Nach Rücktritt von Bayrou Macron ernennt Verteidigungsminister Lecornu zum neuen Premier
09.09.2025, 20:59 Uhr Artikel anhören
Lecornu ist bereits der fünfte Regierungschef unter Macron in weniger als zwei Jahren.
(Foto: dpa picture alliance/abaca/Poitout Florian/ABACA)
Nach dem zweiten Abgang eines Premiers in kurzer Zeit muss Macron erneut einen Nachfolger finden. Er ernennt den bisherigen Verteidigungsminister Sébastien Lecornu zum neuen Premier Frankreichs. Vorgänger Bayrou regierte nur knapp neun Monate. Le Pen wirft Macron vor, seine "letzte Patrone" abzufeuern.
Nur einen Tag nach dem Sturz der Mitte-Rechts-Regierung in Frankreich hat Staatschef Emmanuel Macron den bisherigen Verteidigungsminister Sébastien Lecornu zum Premierminister ernannt. Das teilte der Élysée-Palast mit. Er wird damit Nachfolger von François Bayrou, der nach einer verlorenen Vertrauensfrage den Rücktritt seiner Regierung eingereicht hat. Lecornu gilt als enger Vertrauter von Präsident Macron.
Am Vorabend hatte der bisherige Premierminister Bayrou eine von ihm selbst eingeleitete Vertrauensabstimmung verloren.
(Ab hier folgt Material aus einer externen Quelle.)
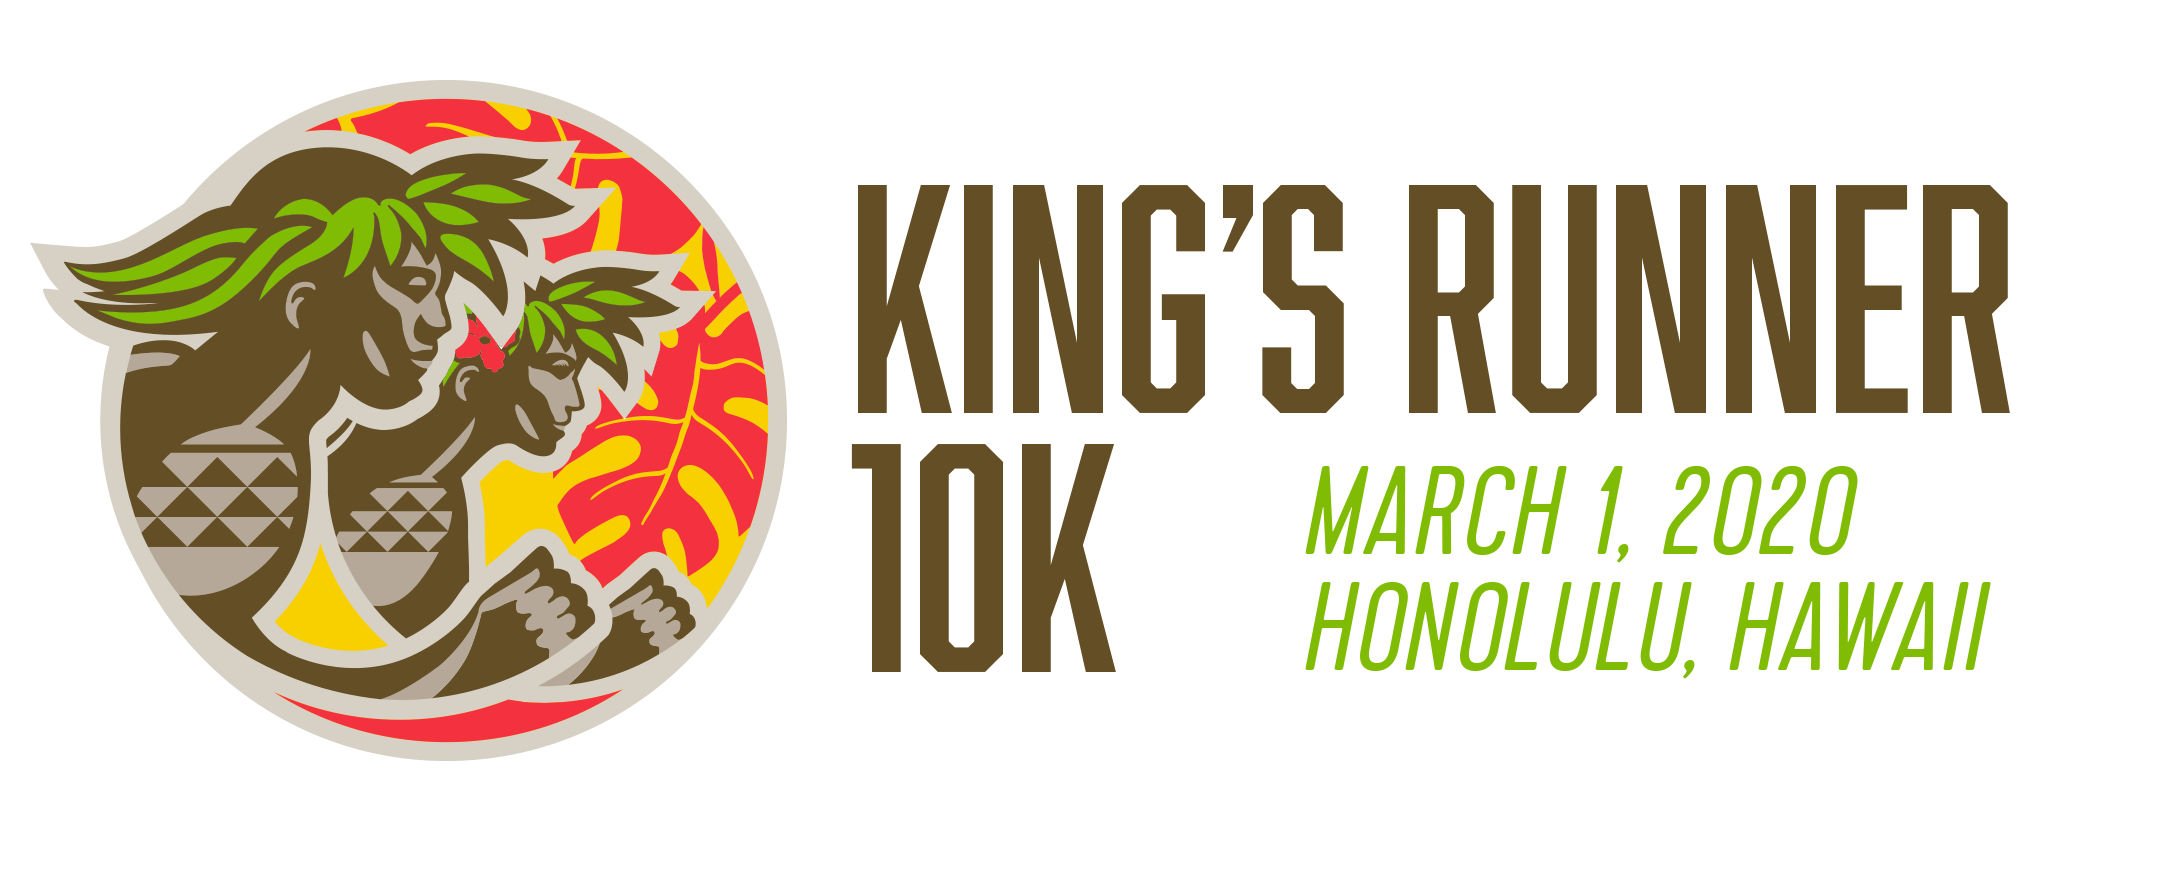 March Logo - King's Runner 10k : Honolulu Marathon

Es war das erste Mal, dass eine französische Regierung nach einer Vertrauensfrage stürzte, die der Premierminister selbst gestellt hatte. Hintergrund war ein Streit über von Bayrou geplante Sparmaßnahmen in Höhe von 44 Milliarden Euro.
Zuvor war bereits die Regierung von Michel Barnier im Dezember von der Opposition mit einem Misstrauensvotum nach nicht einmal drei Monaten im Amt gestürzt worden. Bayrou regierte nur knapp neun Monate. Das Scheitern der beiden schadet auch dem Ansehen von Macron, der den Premier ernennt. Macron selbst kann nach zwei Amtszeiten 2027 nicht erneut antreten.
Frankreichs Grüne sprechen von "Provokation"
In der Nationalversammlung stehen sich Macrons Liberale, das linke Lager und die Rechtsnationalen um Marine Le Pen als drei große Blöcke gegenüber. Keiner von ihnen verfügt über eine eigene Mehrheit. Das Regieren in lagerübergreifenden Koalitionen ist Frankreich nicht gewohnt. Macron ignorierte erneut Forderungen des links-grünen Lagers, das bei der Parlamentswahl 2024 als Wahlbündnis auf Platz eins gelandet war, jemanden aus ihren Reihen zum Regierungschef zu ernennen. Sozialistenchef Olivier Faure hatte sich vergeblich für den Posten angeboten.
Die rechtspopulistische Fraktionschefin Marine Le Pen warf Macron vor, seine "letzte Patrone" abzufeuern. Sie gehe davon aus, dass es Neuwahlen gebe und der Premierminister anschließen der rechtspopulistische Parteichef Jordan Bardella sein werde. Grünen-Chefin Marine Tondelier nannte die Ernennung eines weiteren Premierministers aus dem Regierungslager eine "Provokation".
Der neue Premier Lecornu ist ein enger Wegbegleiter Macrons, der sich mit der Organisation landesweiter Debatten zur Beilegung der Gelbwesten-Proteste 2019 einen Namen gemacht hatte. Diese Erfahrung könnte ihm bei den bevorstehenden Protesten gegen die Regierung nützlich sein.